Sending malformed SWHID to the resolver implemented in the webapp will end up with parsing errors.

We should validate SWHID format in any form of the webapp taking such input (currently search forms)
and report errors in the Web UI if format errors get detected.

To do so, we must implement SWHID validation in Javascript in a similar manner as in the Python code
available in the identifiers module from swh-model.

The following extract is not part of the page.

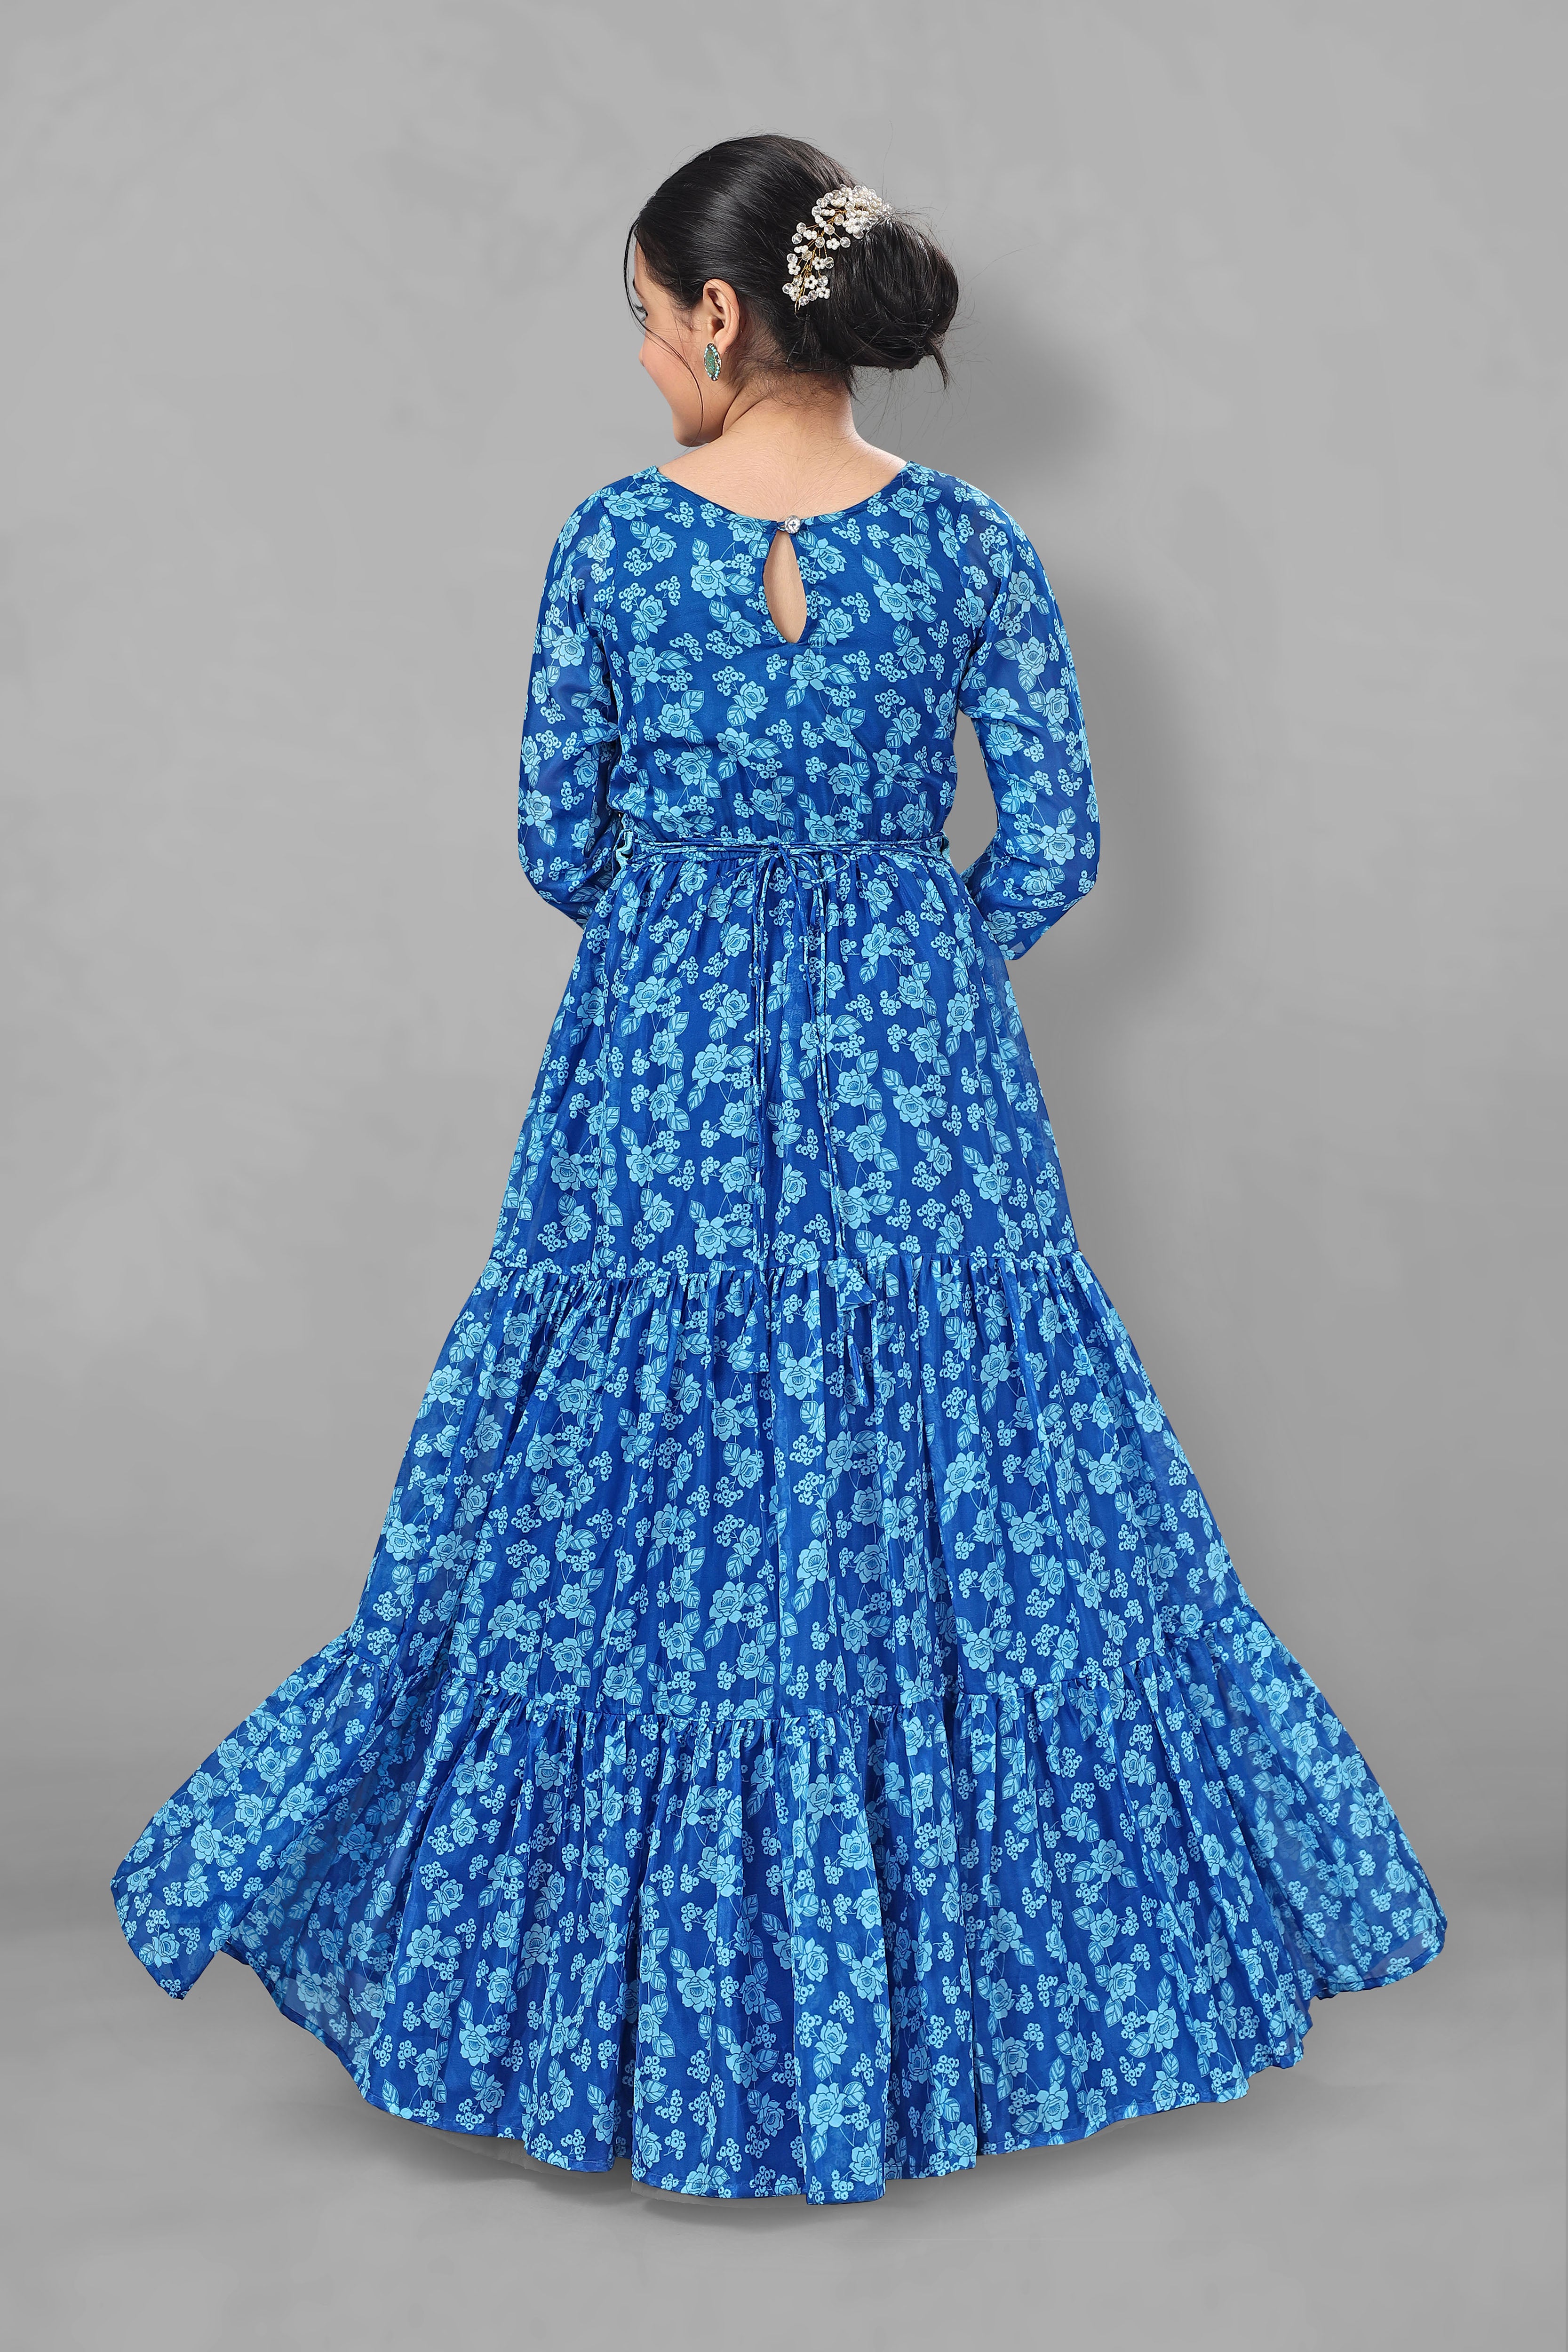 Smart and elegant formal dress for little girls in oceanic blue hue
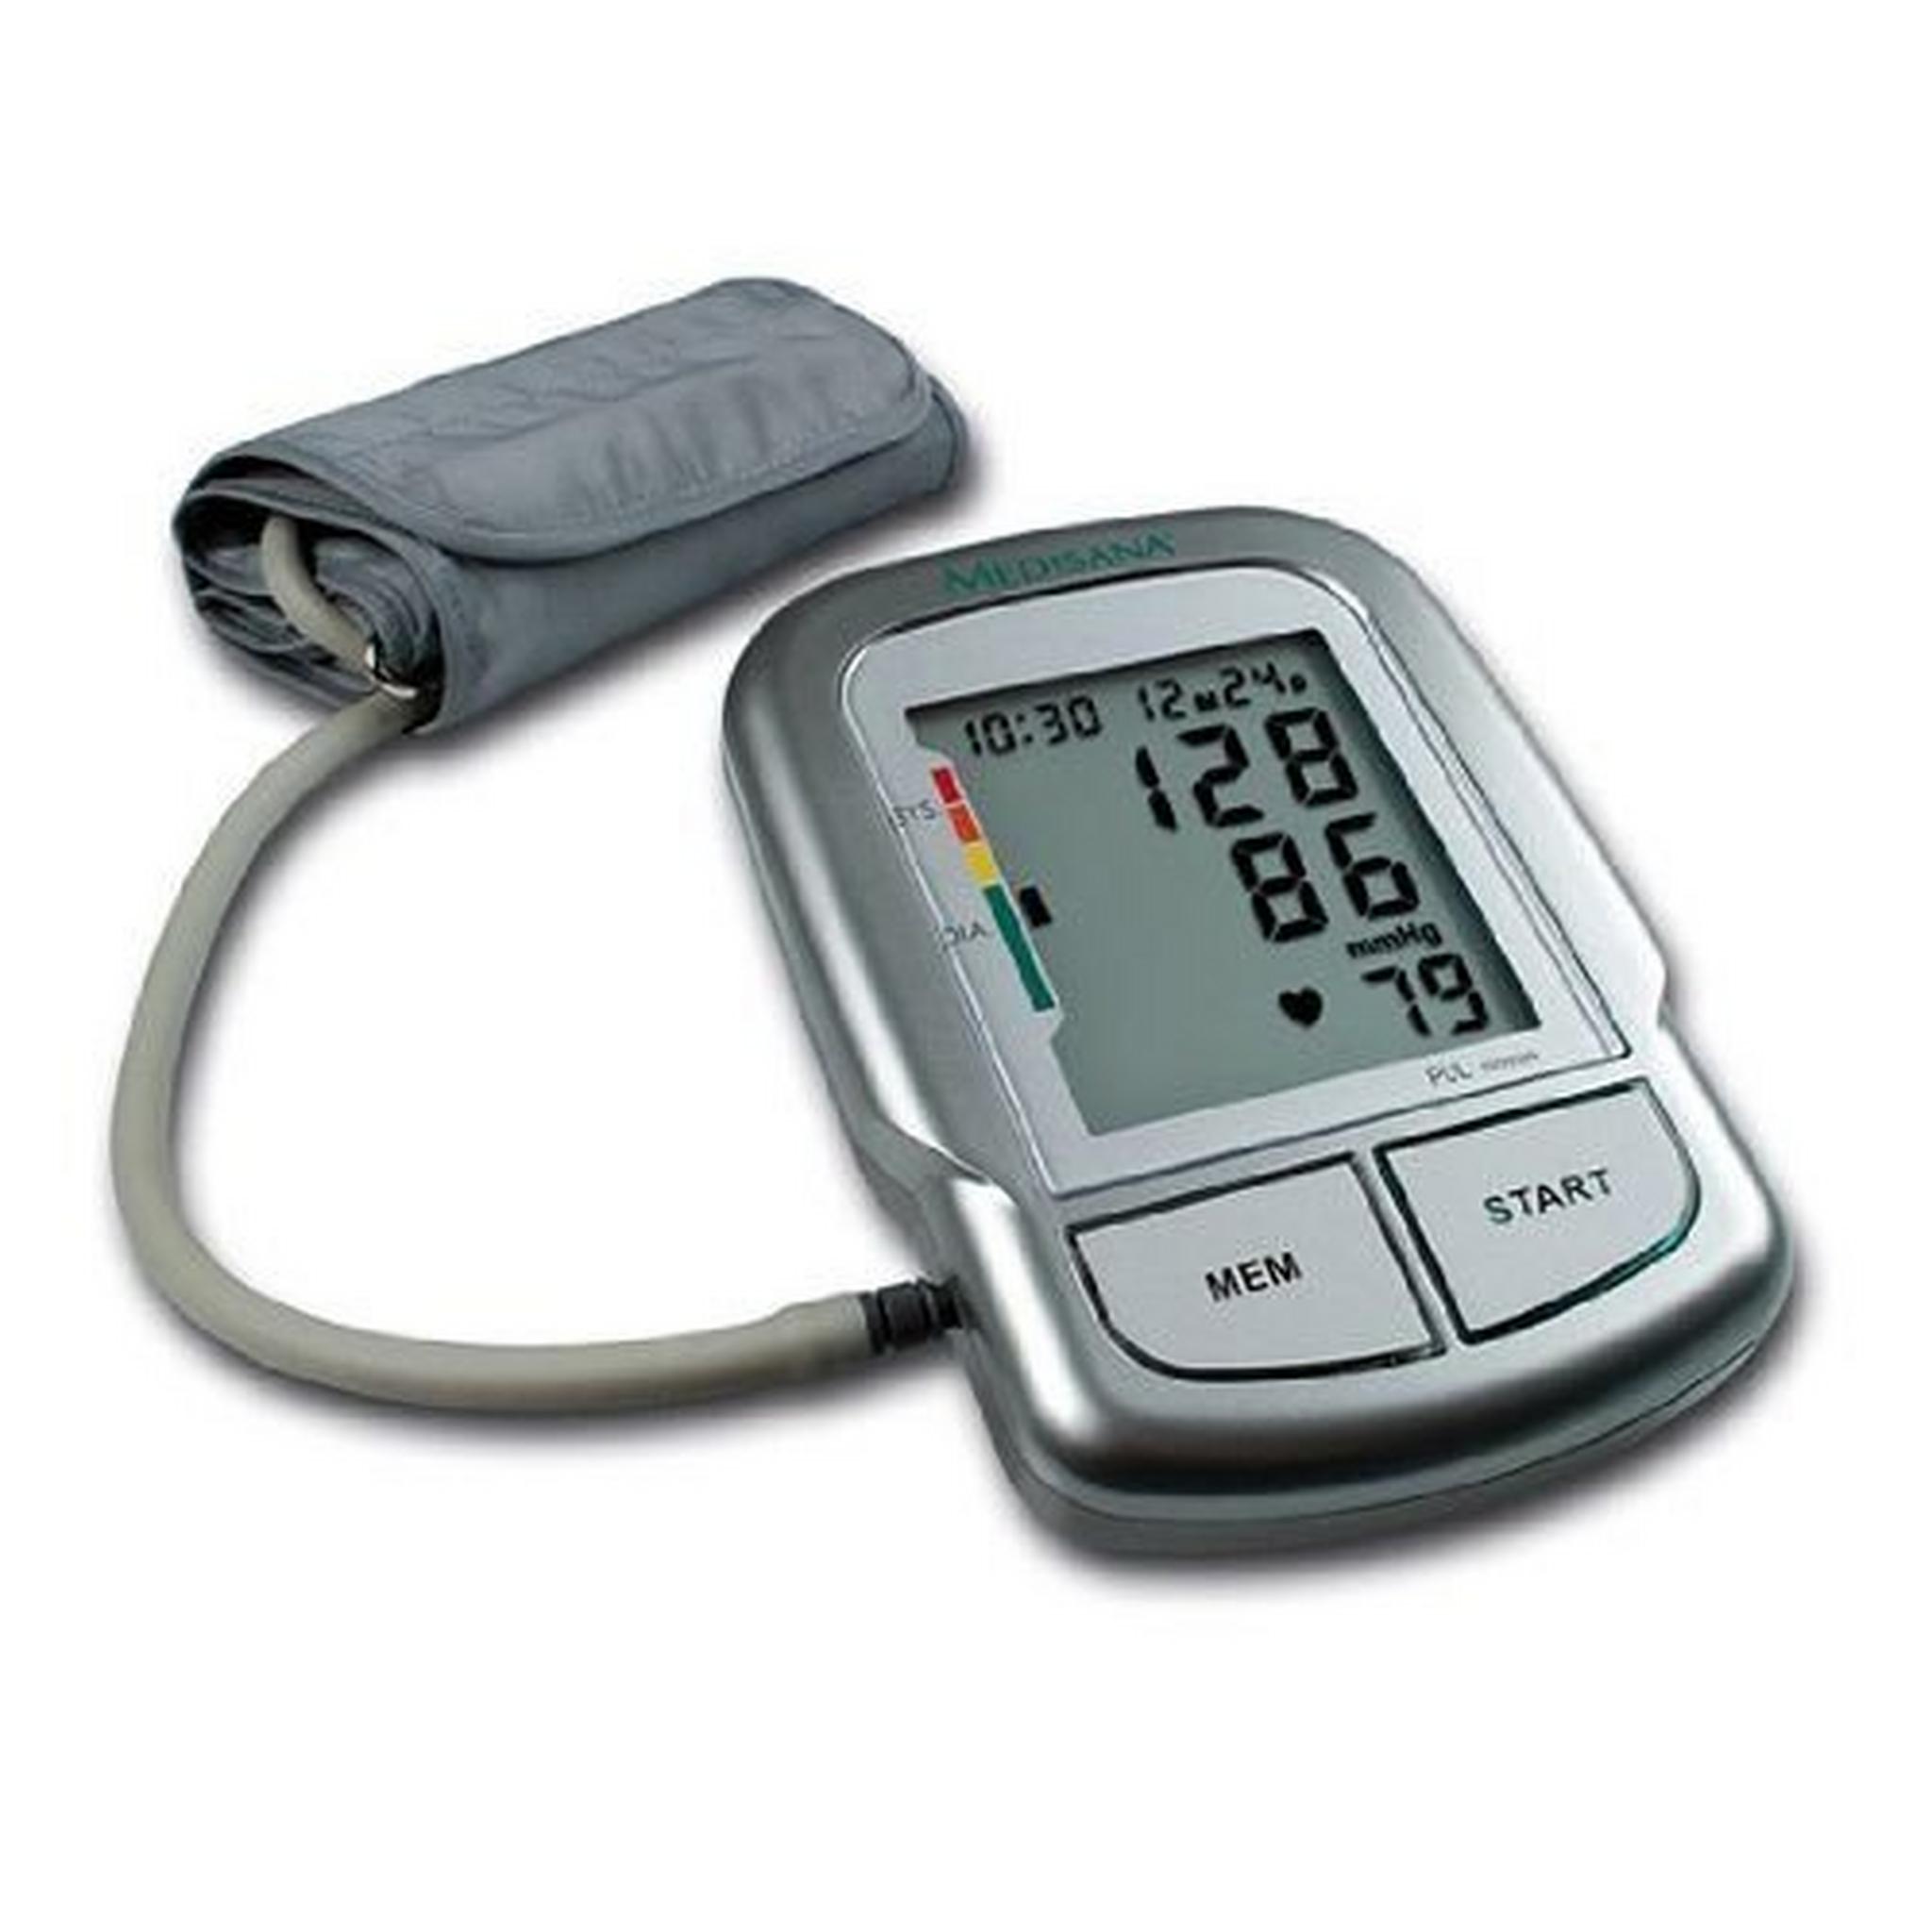 ميزان قياس ضغط الدم من ميديسانا مع خاصية الصوت - رمادي

This code could later be packaged in a small npm module to offer its use in external projects.

Event Timeline

anlambert triaged this task as Normal priority.Apr 13 2021, 11:12 AM
anlambert created this task.

I wonder if this is not overkill: SWHID may evolve in the future, and maintaining two implementations (one of them in JS!) may be source of headaches down the line.
A simple "sanitization" phase in the frontend catching the most common issues (trailing slashes, leading or trailing tabs or spaces, etc.) would probably be enough for our purpose.

I wonder if this is not overkill: SWHID may evolve in the future, and maintaining two implementations (one of them in JS!) may be source of headaches down the line.
A simple "sanitization" phase in the frontend catching the most common issues (trailing slashes, leading or trailing tabs or spaces, etc.) would probably be enough for our purpose.

Other solution would be to try to resolve a SWHID using the Web API when such input is entered / pasted in search forms.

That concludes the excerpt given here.